Einstein miró de nuevo la naranja. Y al caniche. Al caniche, a la naranja. Y por primera vez, algo parecido a una emoción sacudió su cuerpo libre de pelaje. Algo le hizo vibrar, bullir la sangre que llevaba dentro. Su corazón parecía a punto de explotar.
El caniche le miró altivo, con la naturalidad del que sabe que los gatos temen a los perros. No este gato. Einstein tenía demasiado bagaje como para dejarse impresionar por semejante criatura. Saltó sobre el can antes de que el pensamiento asaltara su mente. Le introdujo la naranja entre los morros, presionando bien hasta el fondo, con una expresión tan salvaje que al ver su propio rostro reflejado en el cristal del escaparate de una mercería, se sorprendió a sí mismo. Empujó y empujó, hasta asegurarse de que el fruto no podría ser escupido. Observó con media sonrisa la vida escaparse de esos ojos sin pupila, negros como la misma muerte que recogió su alma vencida, negros como su piel.

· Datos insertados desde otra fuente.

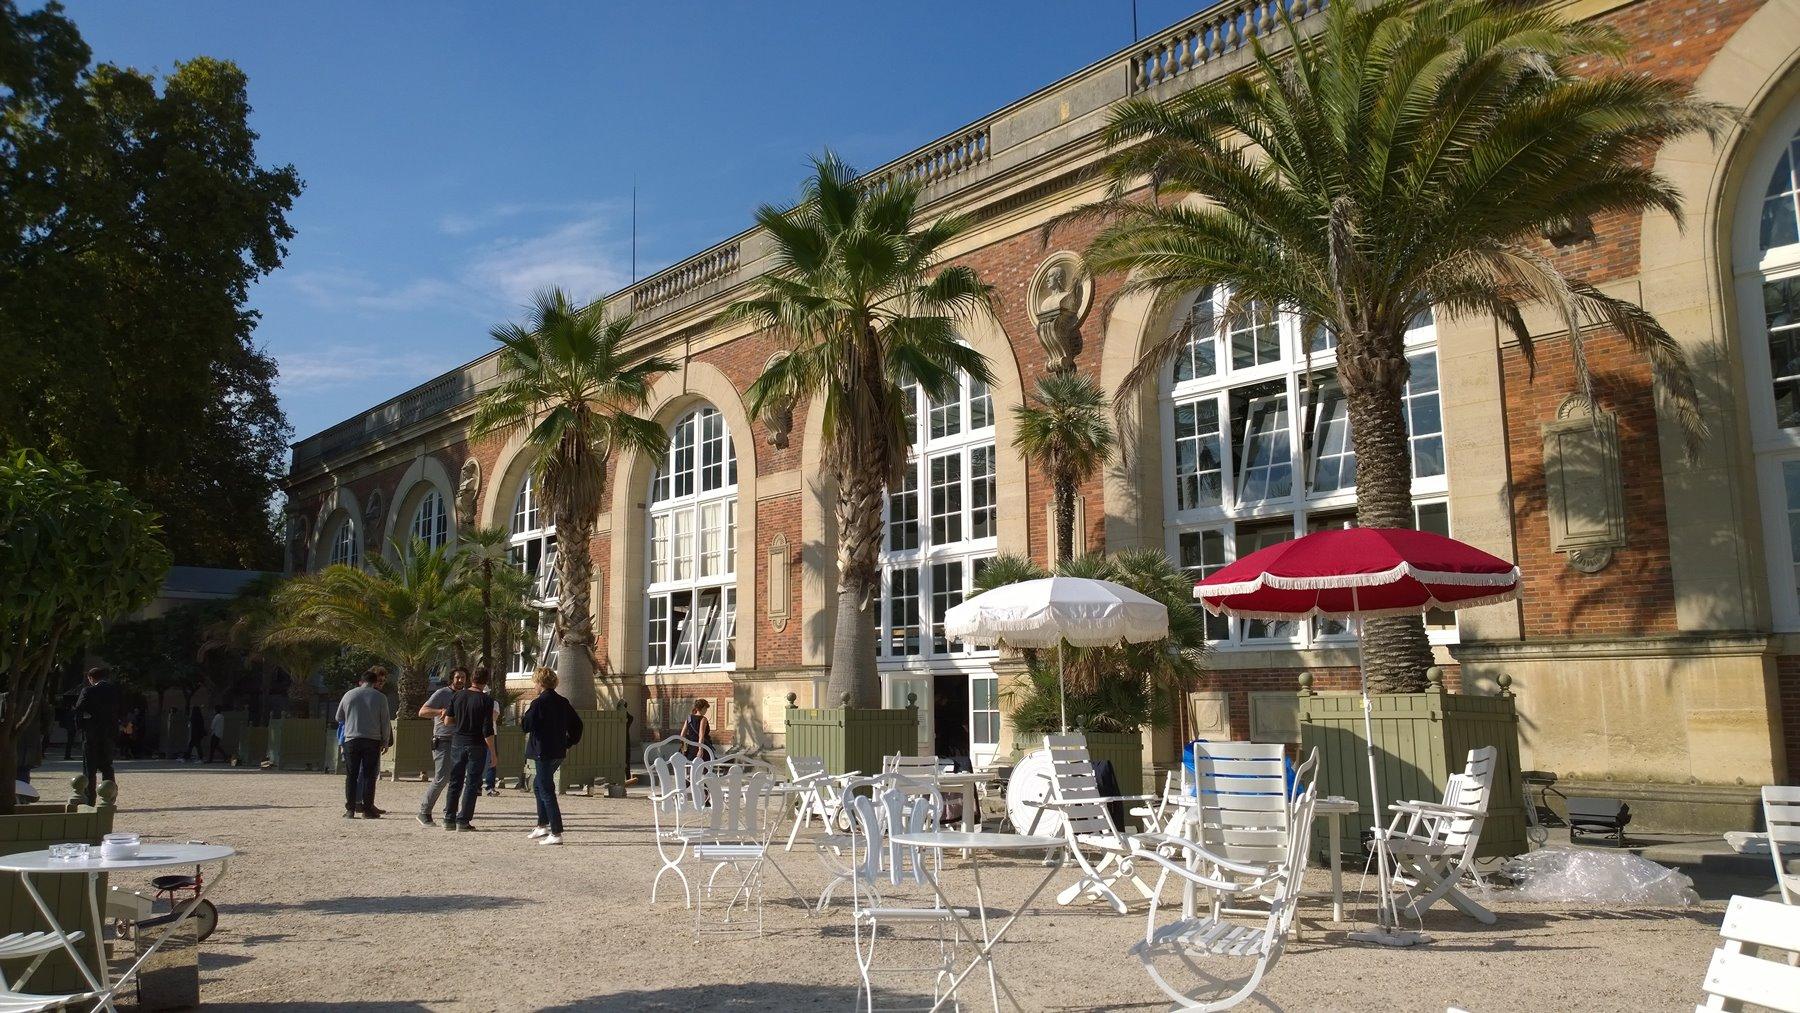 Para quien quiere grandes exposiciones: Musée du Luxembourg

A partir de ahí se dedicaria a perfeccionar su técnica, como todo buen psicokiller. Era el despertar de sus emociones, de lo único que hacía palpitar el hasta entonces lánguido corazón que ocupaba algún lugar de su anatomía felina. Con cada vida que tomaba se sentía más vivo que nunca, como si el sólo propósito de su existencia fuese matar.

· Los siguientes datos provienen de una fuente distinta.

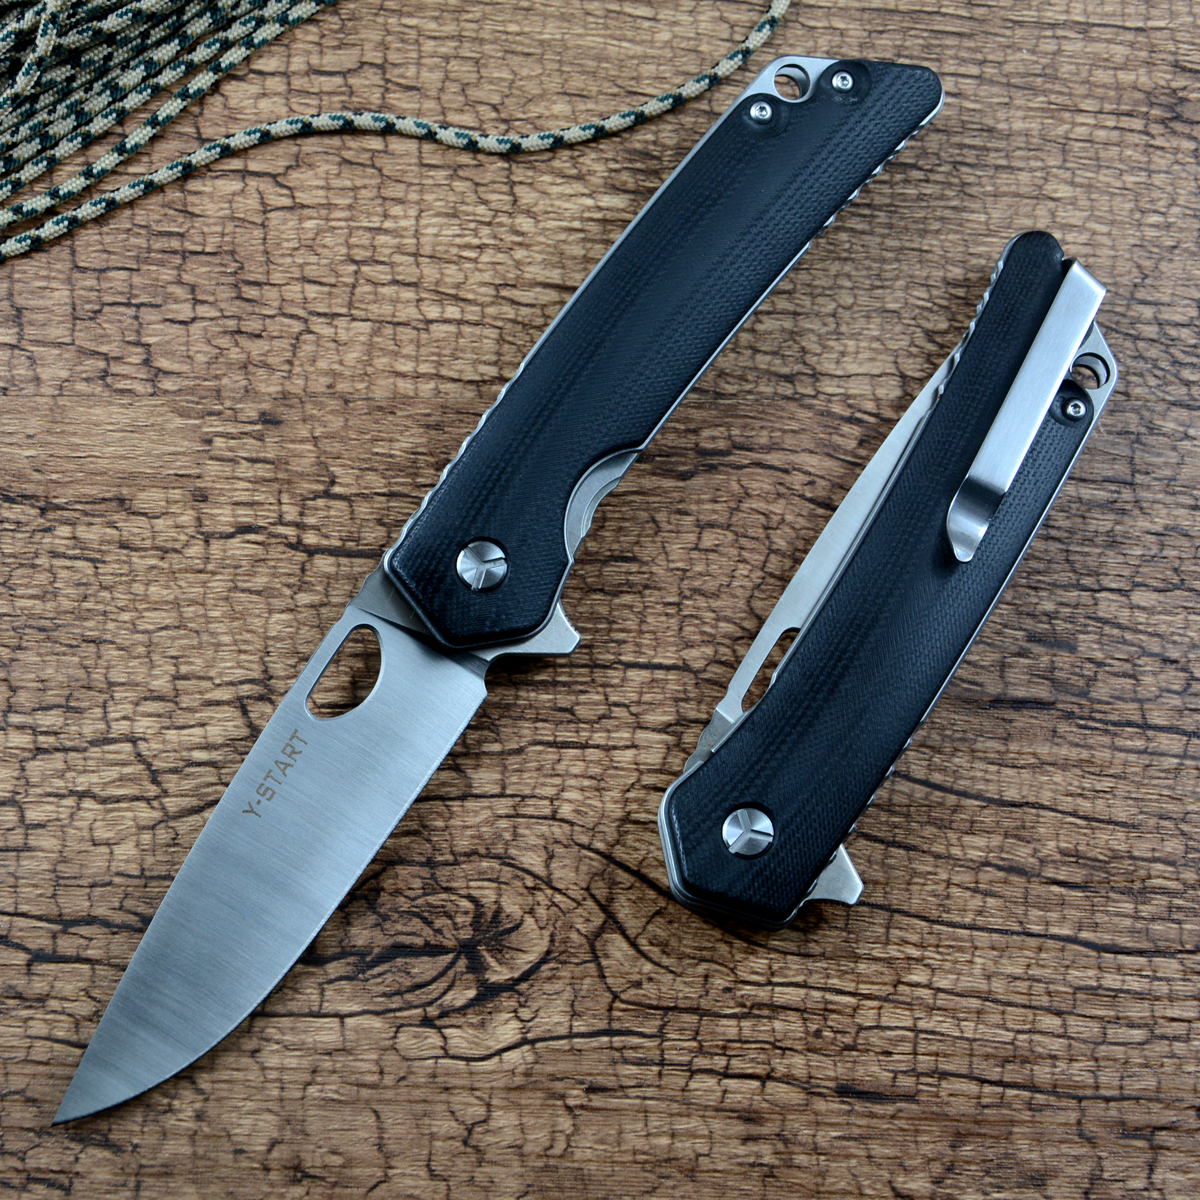 Y-START LK5016 Flipper Folding Knife Fast Open 440C Satin Blade G10 Handle Fruit Outdoor EDC Tools

Era fácil ser gato y asesino en serie. ¿Quién iba a sospechar de él? ¿Quién iba cuestionarse las desapariciones de unos animalillos? Las sombras de la noche y los barrios bajos se convirtieron en su zona de ocio habitual. Porque eso era lo que matar significaba para Einstein: un puro esparcimiento.
Era fácil ser gato y asesino en serie. ¿Quién iba a sospechar de él? ¿Quién iba cuestionarse las desapariciones de unos animalillos? Las sombras de la noche y los barrios bajos se convirtieron en su zona de ocio habitual. Porque eso era lo que matar significaba para Einstein: un puro esparcimiento.
Buscaba a sus víctimas con cuidado. Seleccionaba a su presa, la sometía a seguimiento, y cuando se aseguraba de no ser observado ni haber dejado huellas rastreables, la acorralaba y acababa con ella. En el recuento de sus víctimas había tres caniches, dos perros sarnosos en las últimas, algunas ratas de río (si no había más remedio) y unos 14-15 gatos de diferentes razas y poca embergadura.
Hasta que apareció el Llamas en su vida. Lo encontró una noche, cuando volvía de una de sus fechorías. Tenía sangre en una de las puntiagudas orejas (la cosa se había complicado inesperadamente cuando su presa había tratado de defenderse de un zarpazo), y el Llamas pensó que estaba malherido. Lo llevó a su casa, un apartamento bastante bien amueblado sobre su garito, y le lavó la sangre. Admirando la elegancia exótica de su raza, decidió quedárselo a pesar de que nunca le habían gustado los gatos, y Einstein jamás intentó escapar. Tenía buena comida, un lugar seco donde dormir, una mano que le mantenía libre de pulgas y garrapatas y la posibilidad de encontrar mejores presas en las sórdidas callejuelas que rodeaban al Club de los 7 Pelagatos.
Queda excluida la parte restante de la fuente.